JewishGen Discussion Group #JewishGen Re: Alexander--and why it's not popular among Sefardim #general


In a message dated 9/9/2002 11:35:23 AM Eastern Daylight Time,
mpfreed@... writes:

<< The first name Alexander (usually in the Yiddish form of Sender),
after Alexander the Great, is not an uncommon Jewish first name.
Alexander lived in the 4th century BCE, before the division in the
Jewish world between Ashkenazim and Sephardim, yet, as far as I
know the name is only used by Ashkenazim. Can anyone explain this? >>

== Jewish tradition has it that after the victory of King Alexander
of Macedonia, the sons of all Kohanim born that year were given the
name Alexander.

Alexander Yannai (c. 126 - 76 B.C.E.) was a Hasmonean king (the
Hasmoneans were Kohanim). Alexander son of Aristobolus, d 49 BCE,
was one of the last Hasmonean (i.e. truly Jewish) kings of Judea.
Alexander (36 BCE - 7 BCE) was a son of Herod Roman king of Judea.
His father planned a number of times to have his son killed, and
Alexander was eventually executed at Herods order.

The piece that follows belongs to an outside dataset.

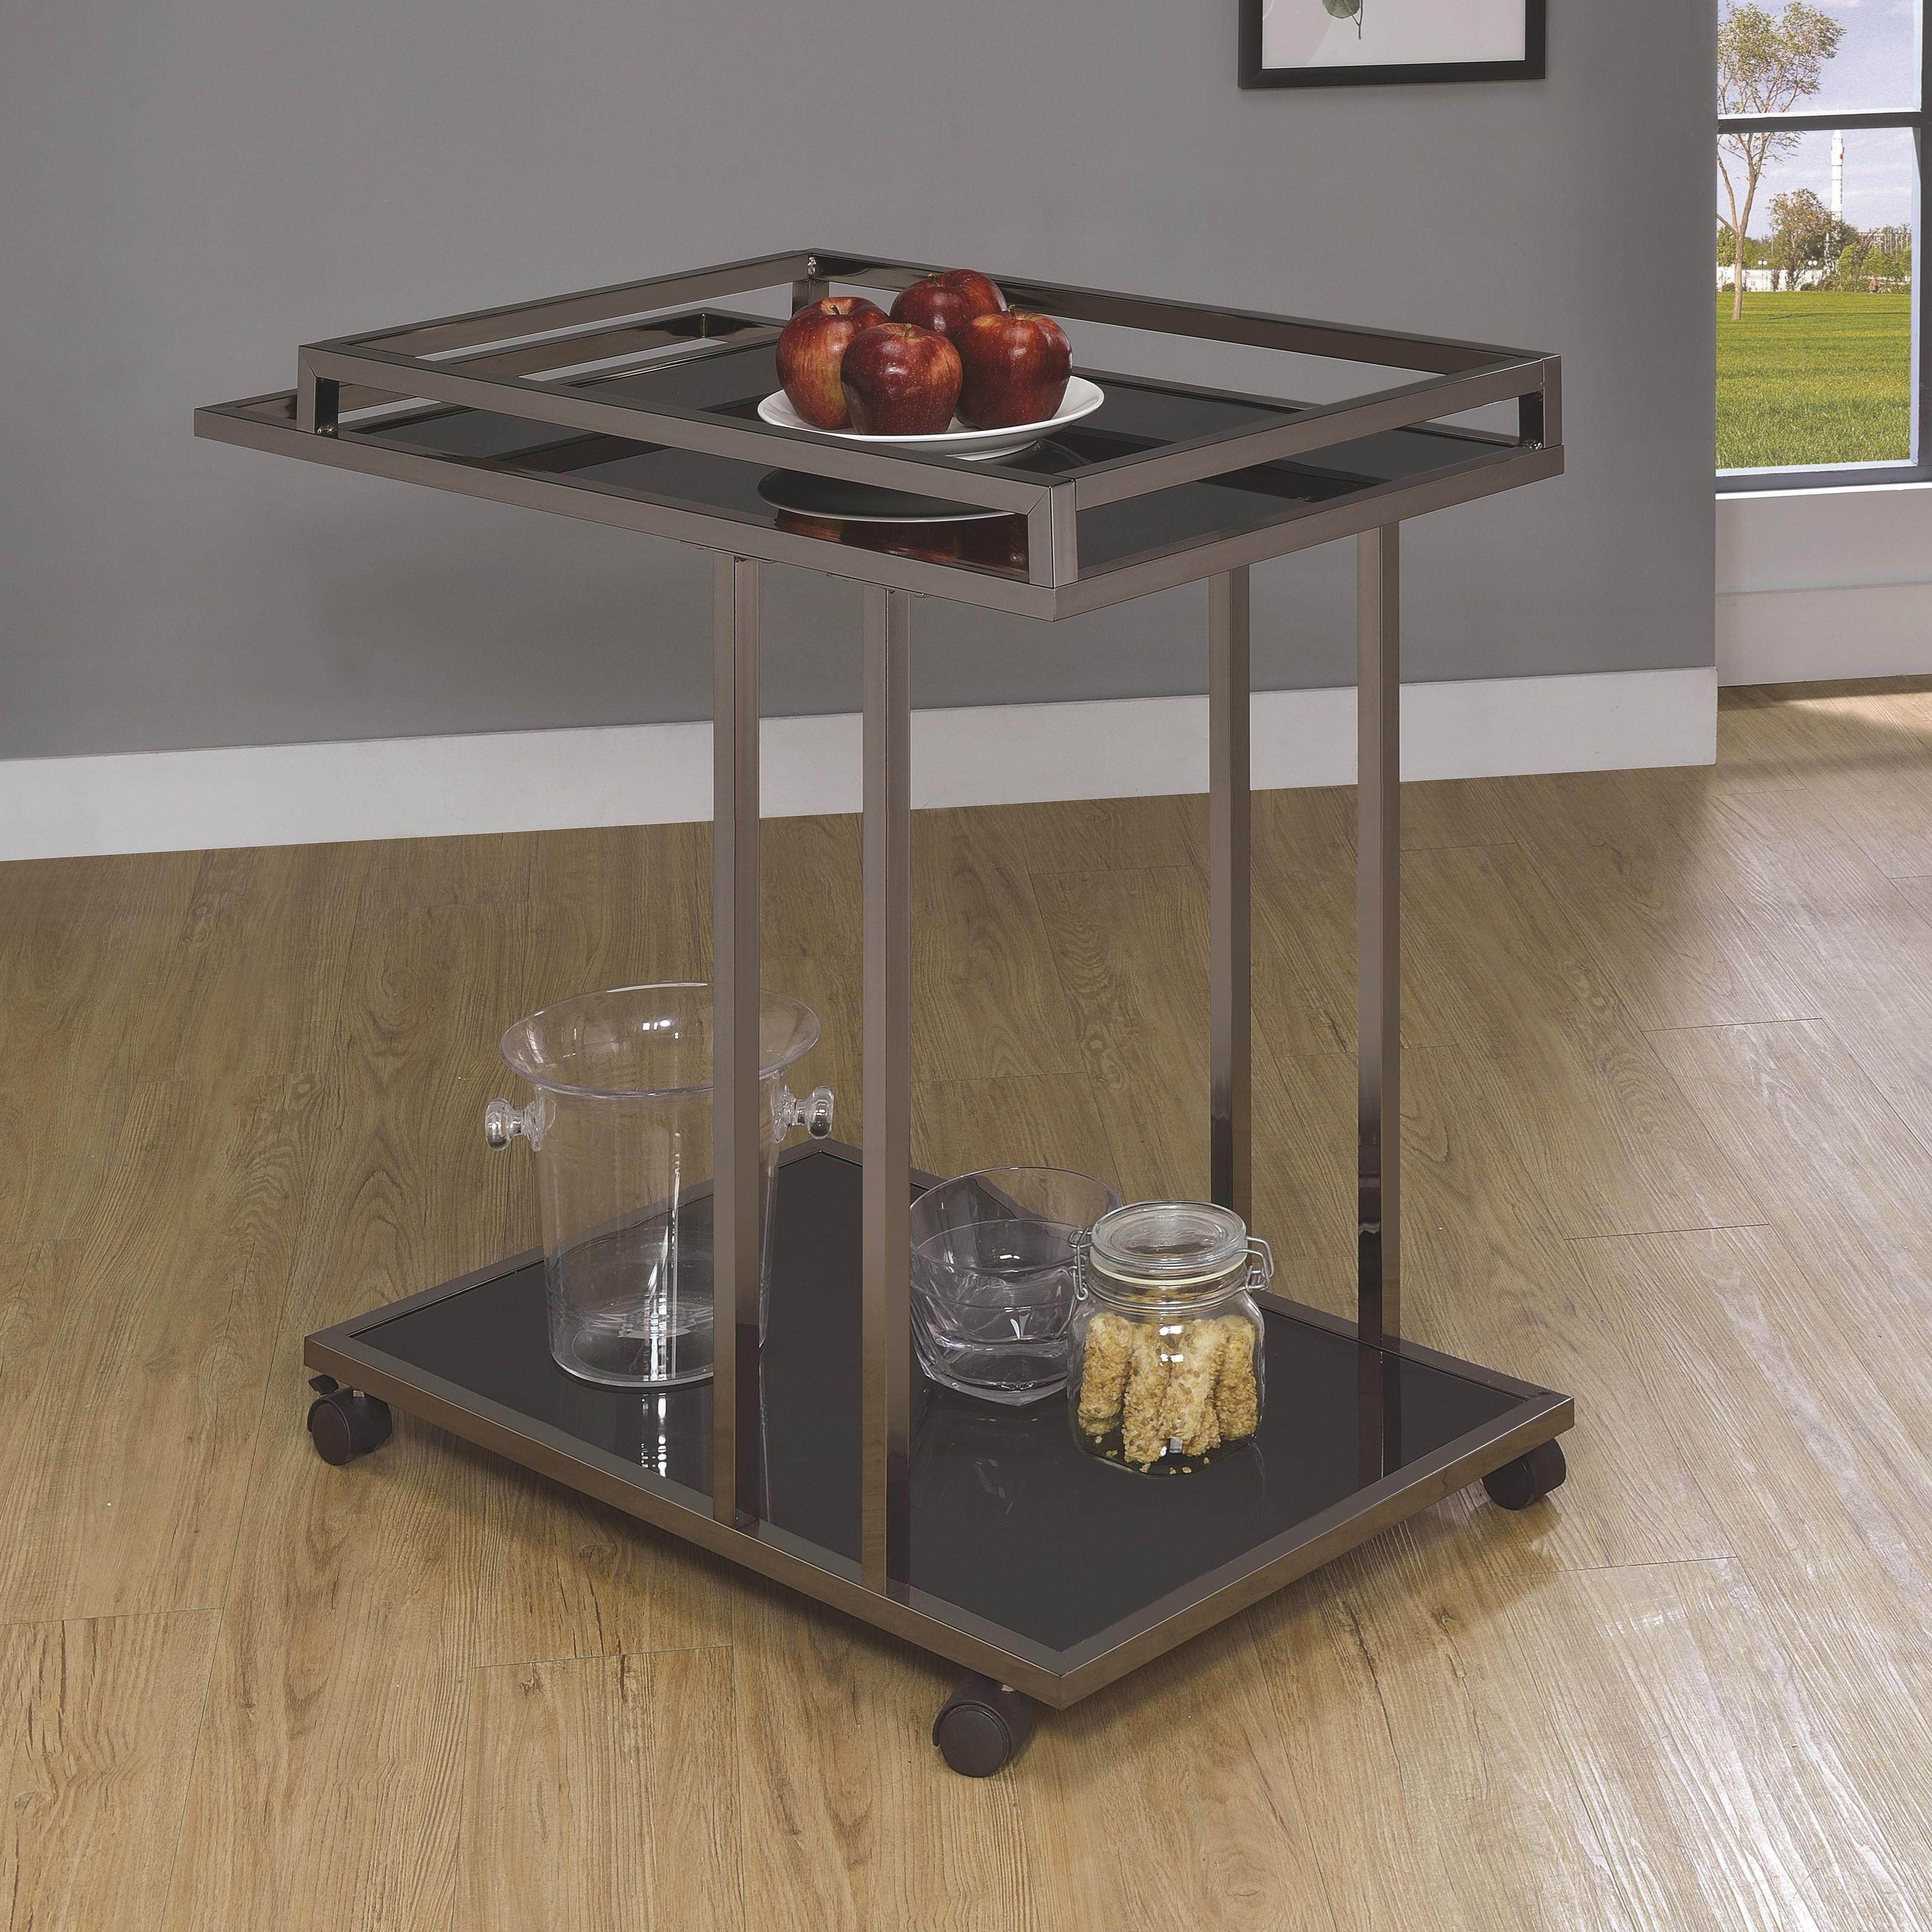 Kitchen Carts Serving Cart by Coaster at Lapeer Furniture & Mattress Center

Alexander Lysimachus was a leader of the Jewish community of
Alexandria in the first century CE, father of Tiberius Julius
Alexander, procurator of Judea, and brother of Philo Judaeus of
Alexandria, philosopher and historian.

The so-called Sefardi-Ashkenazi "split" (actually, a very minor
divergence when compared to other splits in nations and religions)
originated with the Babylonian Diaspora, well before Babylon was
captured by Alexander of Macedonia. There were two ensuing sets of
tradition and custom, Bavli (Babylon) and Yerushalmi (Jerusalem).

Judea and Egypt followed the Yerushalmi tradition. The exiles >from
Judea took the Yerushalmi tradition to Europe and to Yemen. The Jews
of Iberia initially followed the Yerushalmi tradition but sent to
Babylon for their rabbis, teachers and sages, and so the Sephardim
(literally, "Jews of Spain") in the Western Mediterranean adopted
certain Babylonian customs. These were spread to the entire
Mediterranean basin with the 1492 expulsion of the Jews >from Spain.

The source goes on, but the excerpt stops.